**Assigned task**
Please repeat only the lines below starting at the line that holds "Aquarium Yellow Red" and ending at the line that holds "Responsive Web Design", exactly, with both of those lines included and every picture omitted.

**Given data**
______

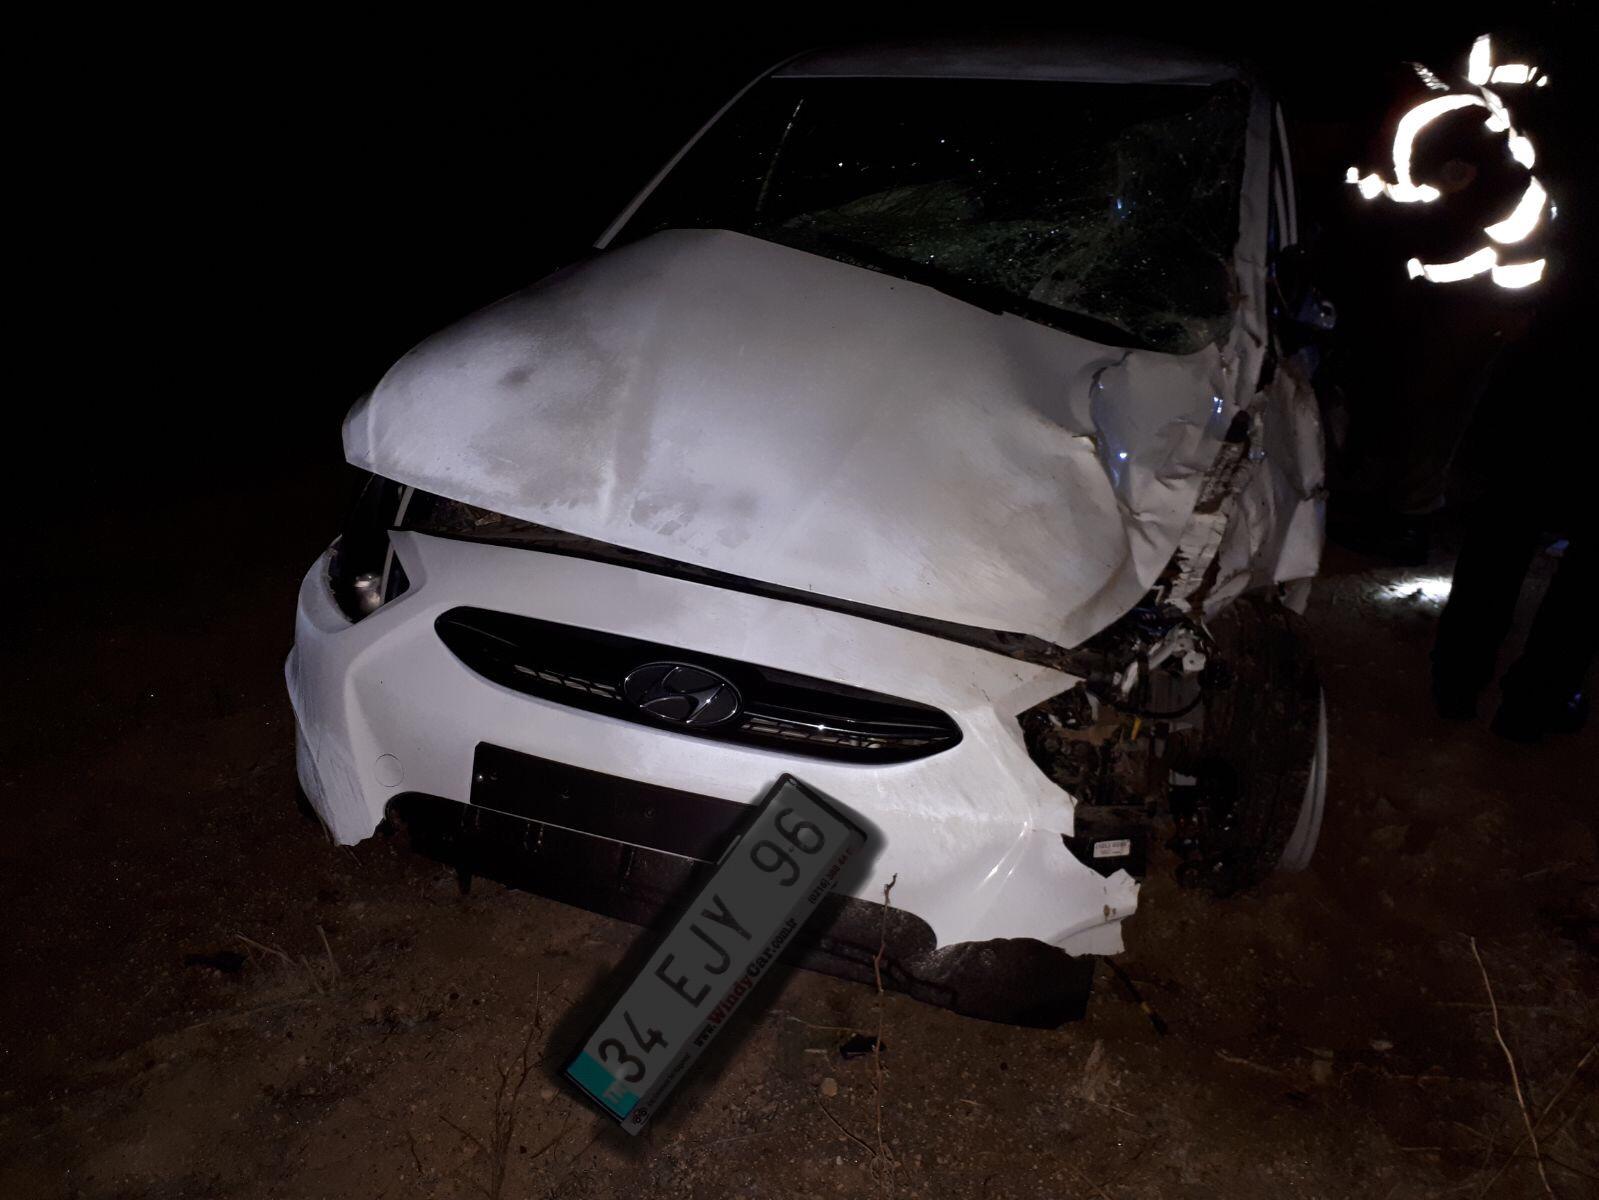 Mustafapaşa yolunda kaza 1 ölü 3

______

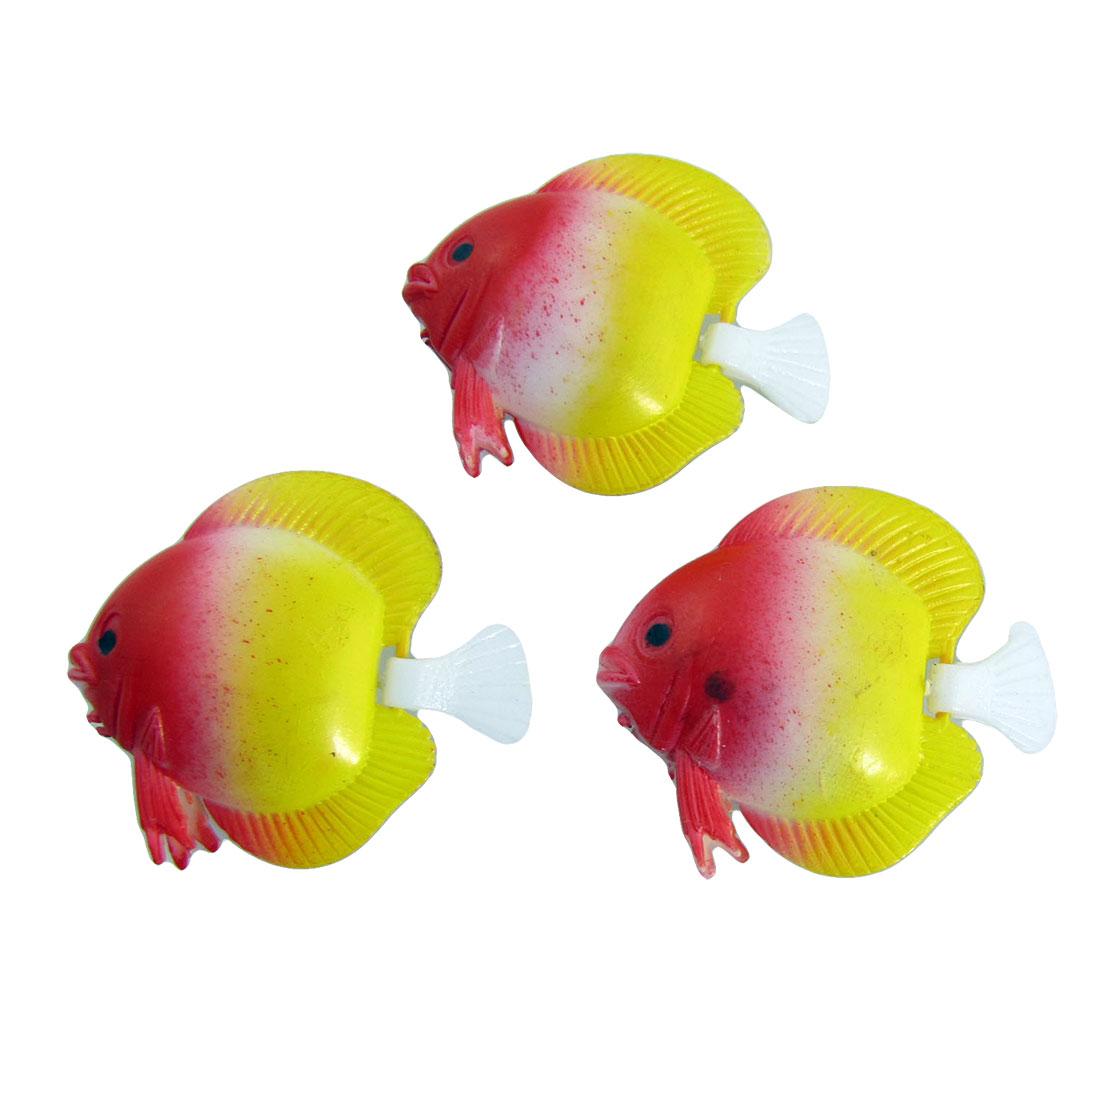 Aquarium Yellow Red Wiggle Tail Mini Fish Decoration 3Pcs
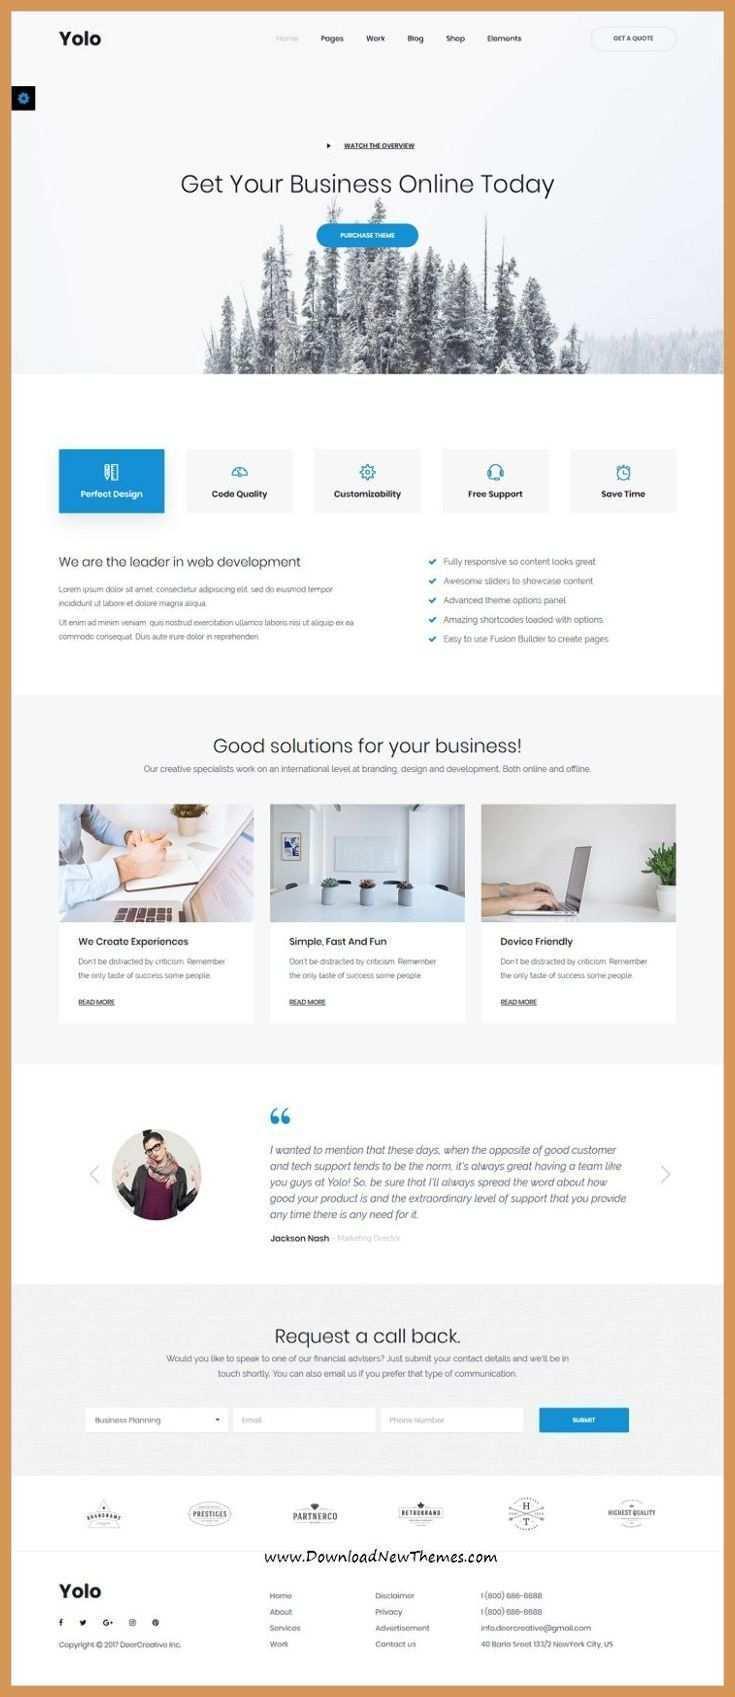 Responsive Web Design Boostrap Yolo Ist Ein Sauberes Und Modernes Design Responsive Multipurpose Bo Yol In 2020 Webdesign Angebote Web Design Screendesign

______

**Exercise result**
 Aquarium Yellow Red Wiggle Tail Mini Fish Decoration 3Pcs
 Responsive Web Design Boostrap Yolo Ist Ein Sauberes Und Modernes Design Responsive Multipurpose Bo Yol In 2020 Webdesign Angebote Web Design Screendesign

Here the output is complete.